Funnily enough, I had to clean my solenoid valve out today. Zilch through the grouphead, but pumping fine through the wand.

Bit of scale blocking the small hole, as mentioned above. Hopefully yours is as easy a fix as on my Silvia. Its took 10 years to block up mind, so not bad going!!


----------



## CleverDafyn (Nov 9, 2017)

If you strip the valve, be sure to replace the two O rings. Soak the base and nucleus in some dezcal to ensure any flakes of scale are removed. There is also a rubber seal on the threads of the base, make sure that it is not perished.


----------



## Hale (Feb 12, 2017)

After some trepidation (and many youtube videos) i did a complete dismantle operation.

Holy smokes.. the boiler was ruined







(i got this second hand 6 months ago) so much limescale build up.

I couldnt even unscrew the inner Solenoid valve it was set solid.

Needs a new boiler and solenoid so £100+

So SANTA has come early







i know what alot of die hards think but ive gone with a new 2015 Gaggia Classic...im sorry but nothing else in my price range come close.

and to be fair the old one was not looked after.
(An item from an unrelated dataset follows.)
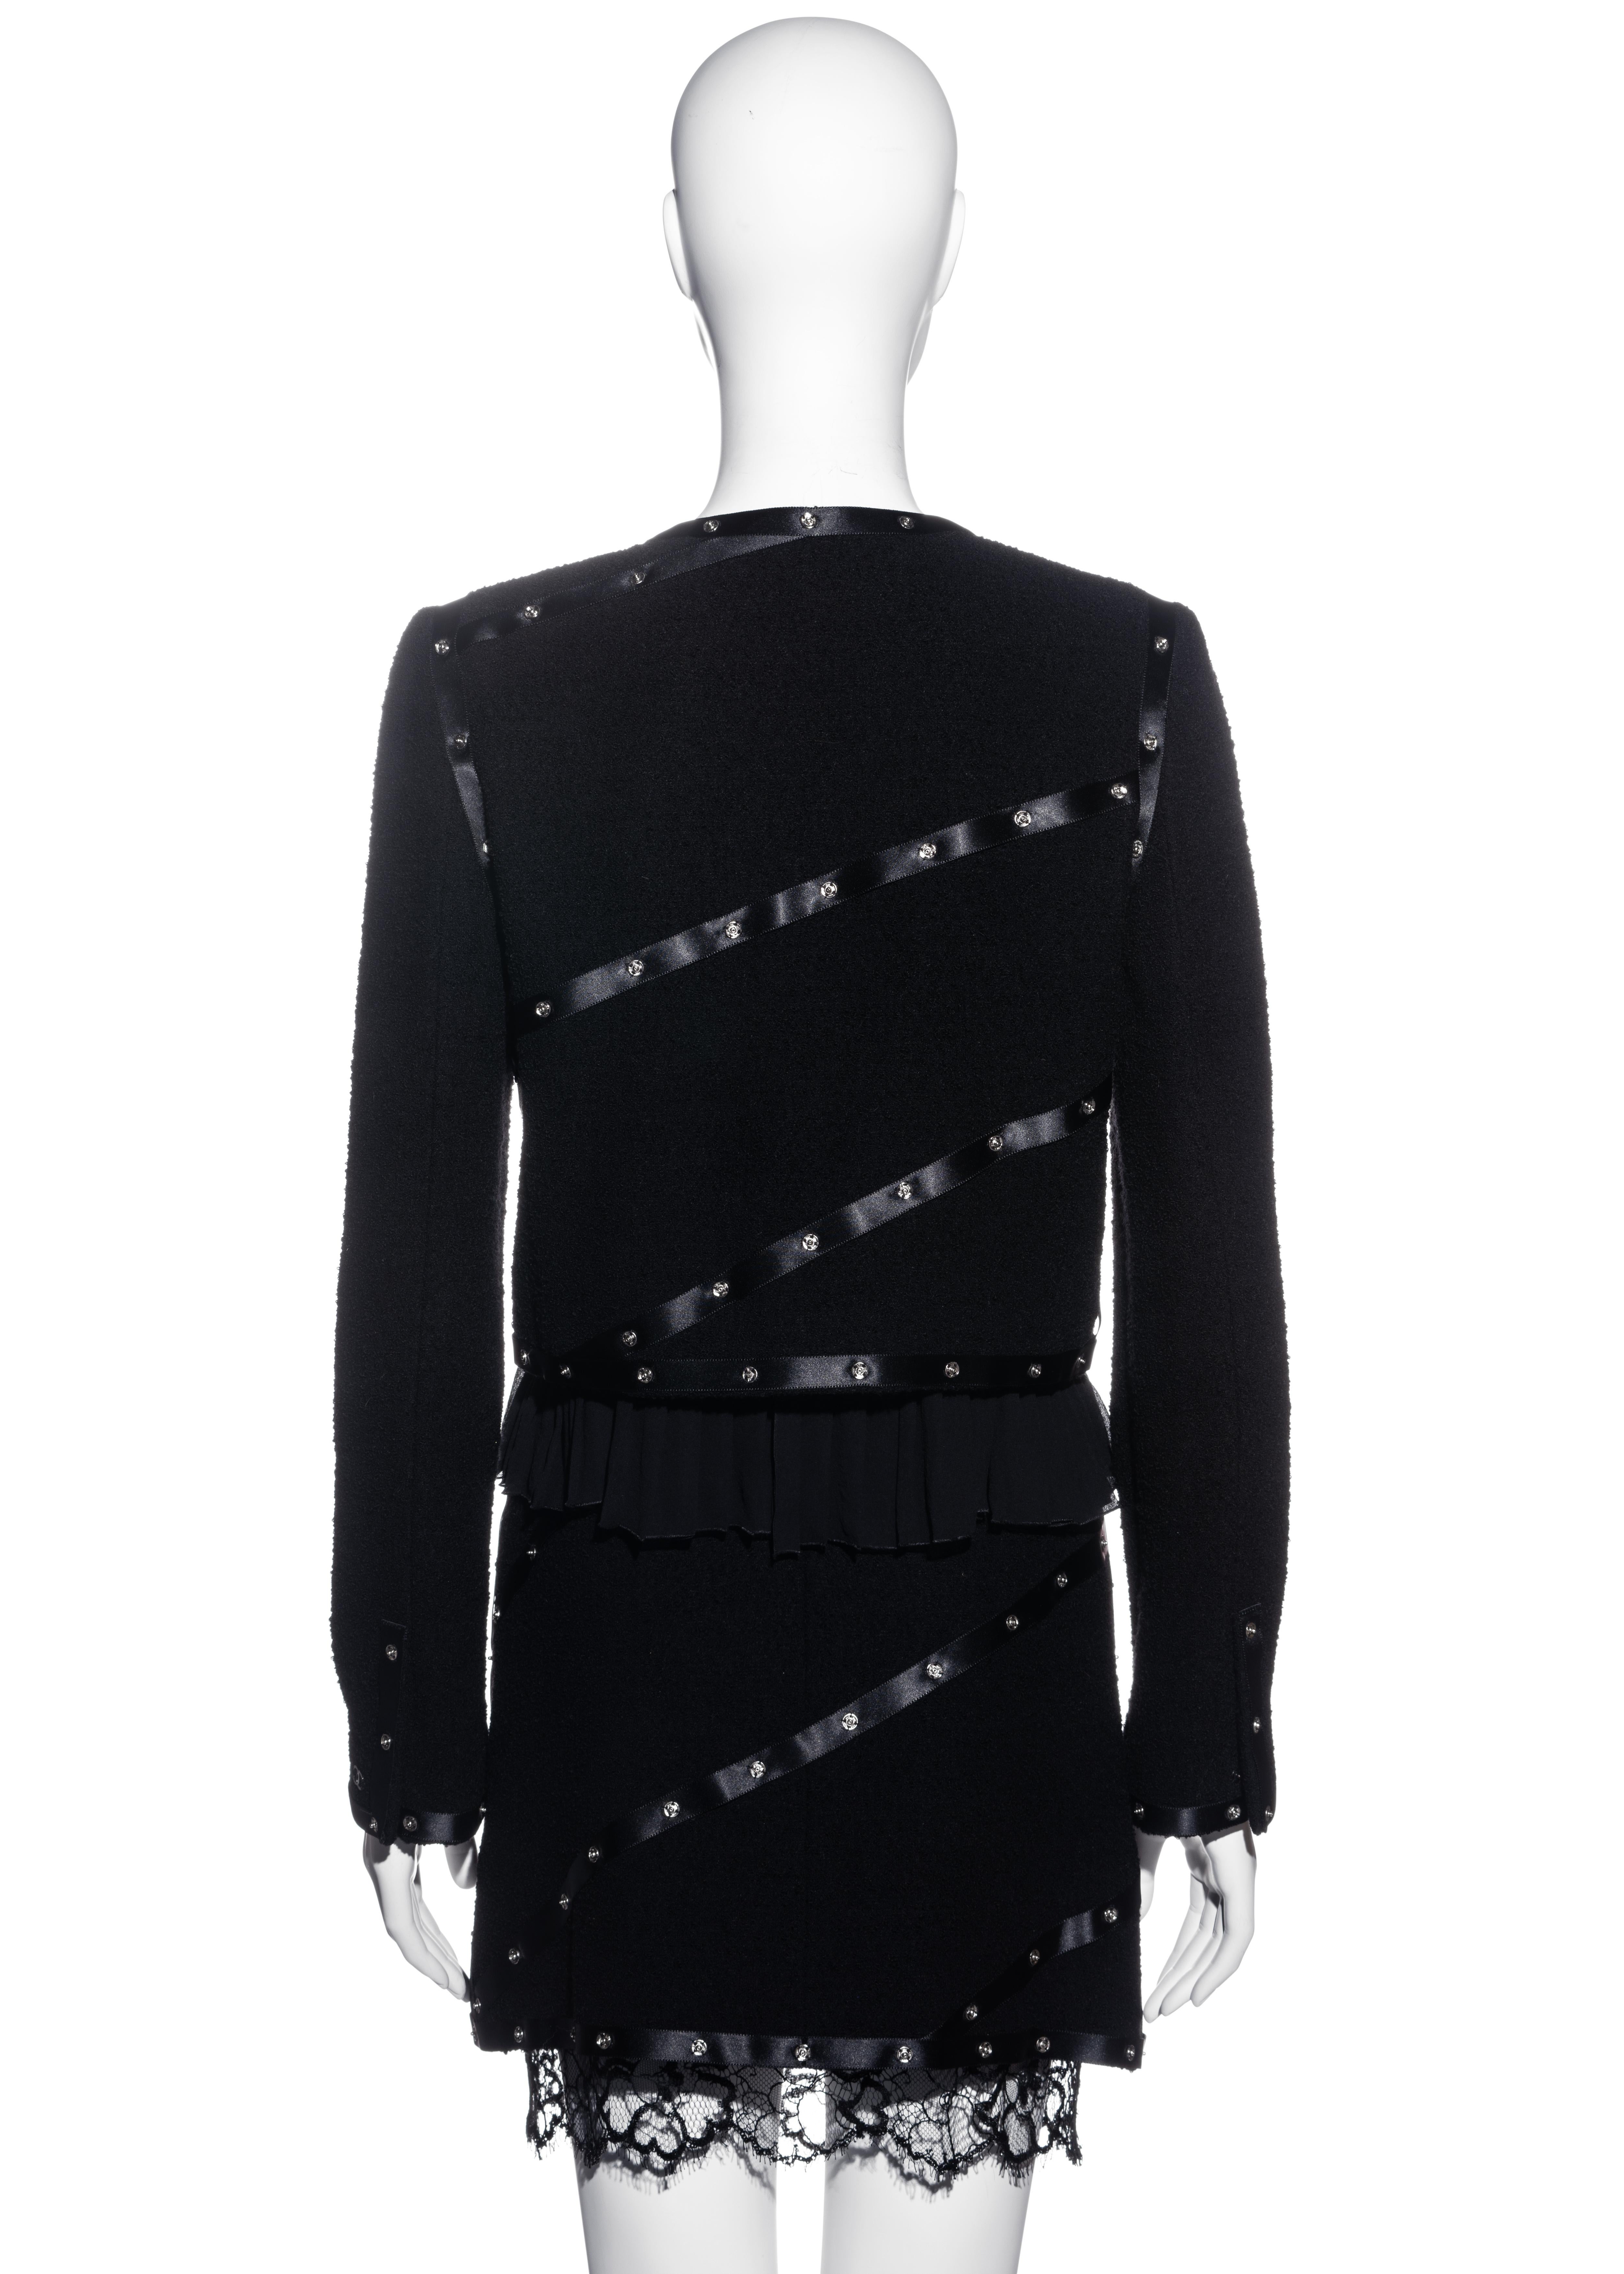 Chanel by Karl Lagerfeld black wool, silk and lace skirt suit, fw 2003 2

And by its side is a new Gaggia MDF ....WOW what a beautiful tasting combo well worth the £400 investment!!!

VERY PLEASED with the purchase's


----------



## timmyjj21 (May 10, 2015)

Don't thow out the old one! I'm sure plenty of forum members would pay you for it! Pretty sure I could get it up and running and sell it for £150 again! They never break!


----------



## Hale (Feb 12, 2017)

Just sold it on Ebay!

I was thinking of fixing it up...but i'm so impressed (suprisingly) with the 2015 model


----------